What you also want to do (under linux) is enable the earlyoom daemon. Those freezes are Linux being way too nice and not killing processes until literally every cached and buffered thing has been purged, also heavily-used ones.
Then you'll see behaviour such as switching tabs in the browser, or bringing up a minimised terminal or something actually taking a second or two because they got swapped out. But it's nowhere close to unusable and, due to a 3G/s SSD, a way better experience than in the 90s with a couple megabytes of RAM and swapping to a glorified flywheel.
I could by more RAM, DDR4 prices have pretty much tanked after all, OTOH I swap out like fifteen minutes every other month. Not worth it, I have coffee to make.
While an interesting read, my comment isn't directed at advanced users that know their stuff. Also, not everyone own a beast, most users have a medium or low tier PC. Funnily, 16GB of RAM for your usage seems low. Double that and you'll never need swap unless you want to play with the biggest local LLMs via Llama.ccp. But then, you likely have a GPU beast.
Nah I'm only dabbling around with SDXL, I have a 4G RX5500. Four years ago a Ryzen 3600 was certainly respectable (and slightly more expensive than the GPU) but it's nowhere near high end, it was slam dunk in the middle of the price/performance optimum and is generally sufficient for my workloads.
I don't think I'll upgrade this box (short of an SSD or such) before either GPU prices are sane again, and/or CPUs actually become noticeably faster. All the AM4 ones certainly don't really seem to be worth it. See I'm an old fart millennial, I'm used to a "two years later get twice the performance at half the price" kind of cadence and the two years have been steadily getting longer.

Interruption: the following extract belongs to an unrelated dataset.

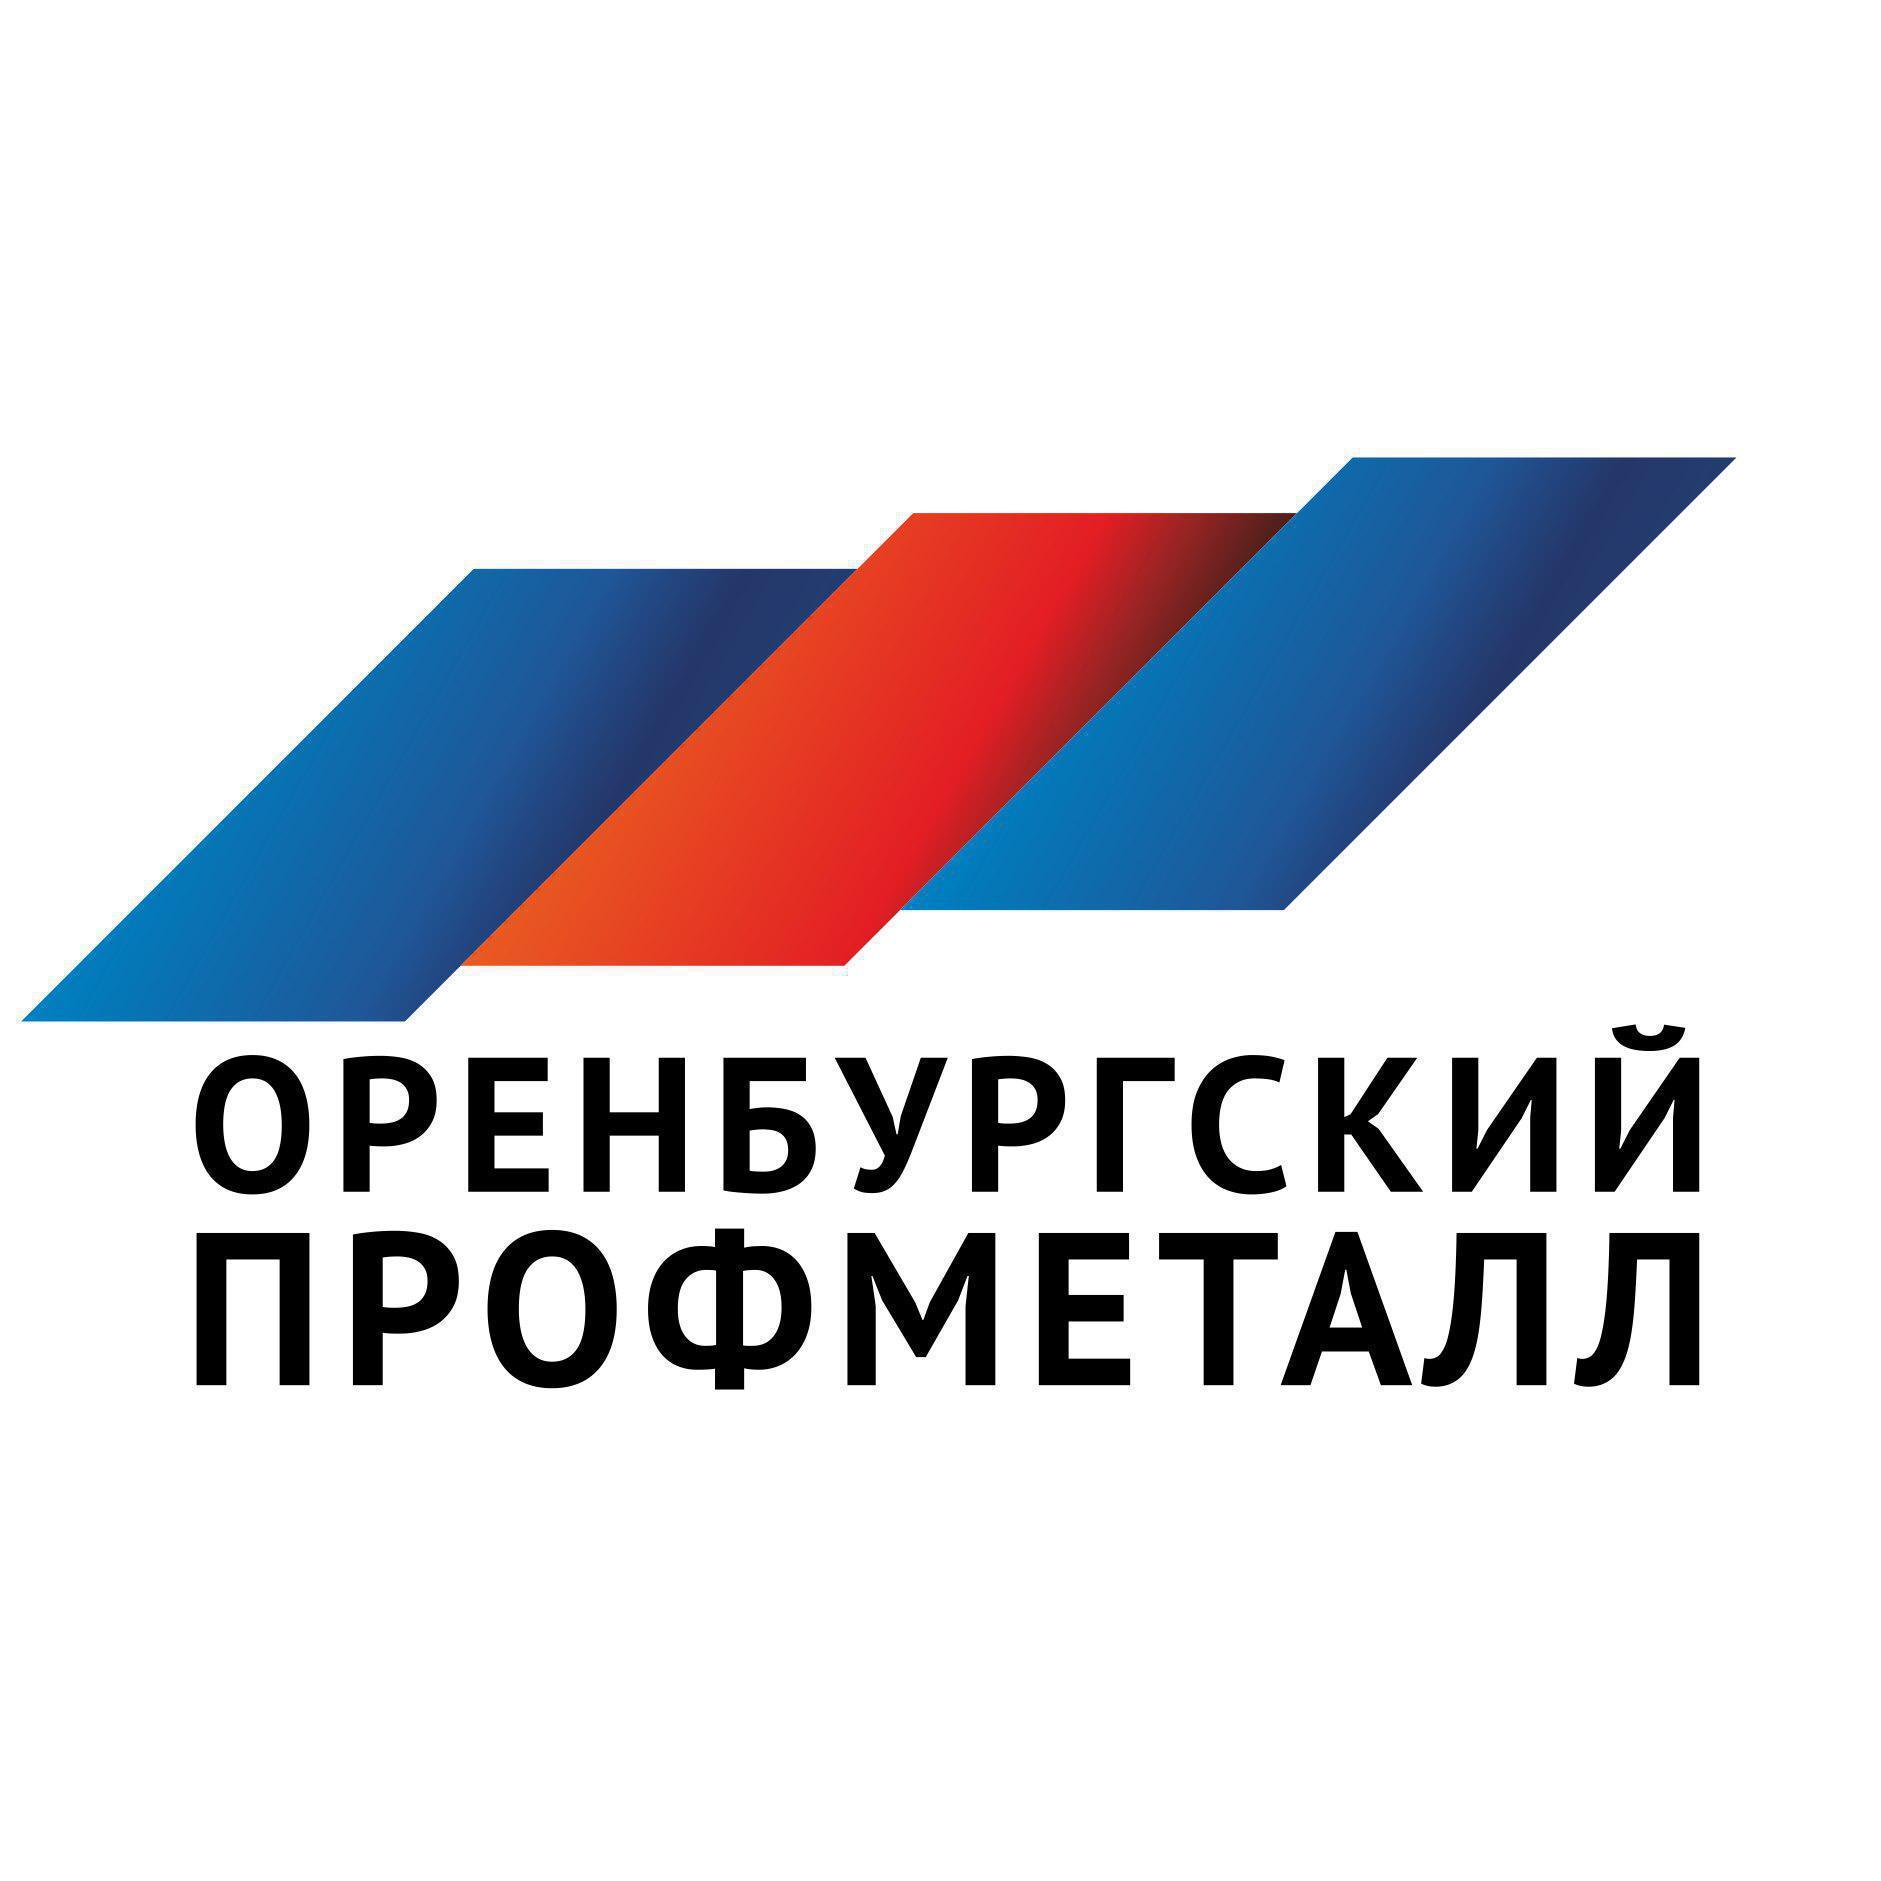 Сайты строительных компаний оренбурга сайты для создания клипов бесплатно

Sadly, i don't think GPU prices will ever drop. The only reason would be if a new competitor comes up with something on par or better than the current tech. For CPUs, we've reached the limit already. Nonetheless, their's still some hope with a tech called optical computing.
Computer power increase became meaningless because companies juste use it as an excuse to not optimize their software anymore. The best exemple is how everyone basically uses a whole browser (chromium ) just to show some GUI. The steam client and discord are two big software that comes in mind using this but it's spreading fast and I found a GUI for aria2c that weights more than 60mb while aria2c itself is a few megs, but even worse some manufacturers are using it for their mouse and keyboard drivers for god sake.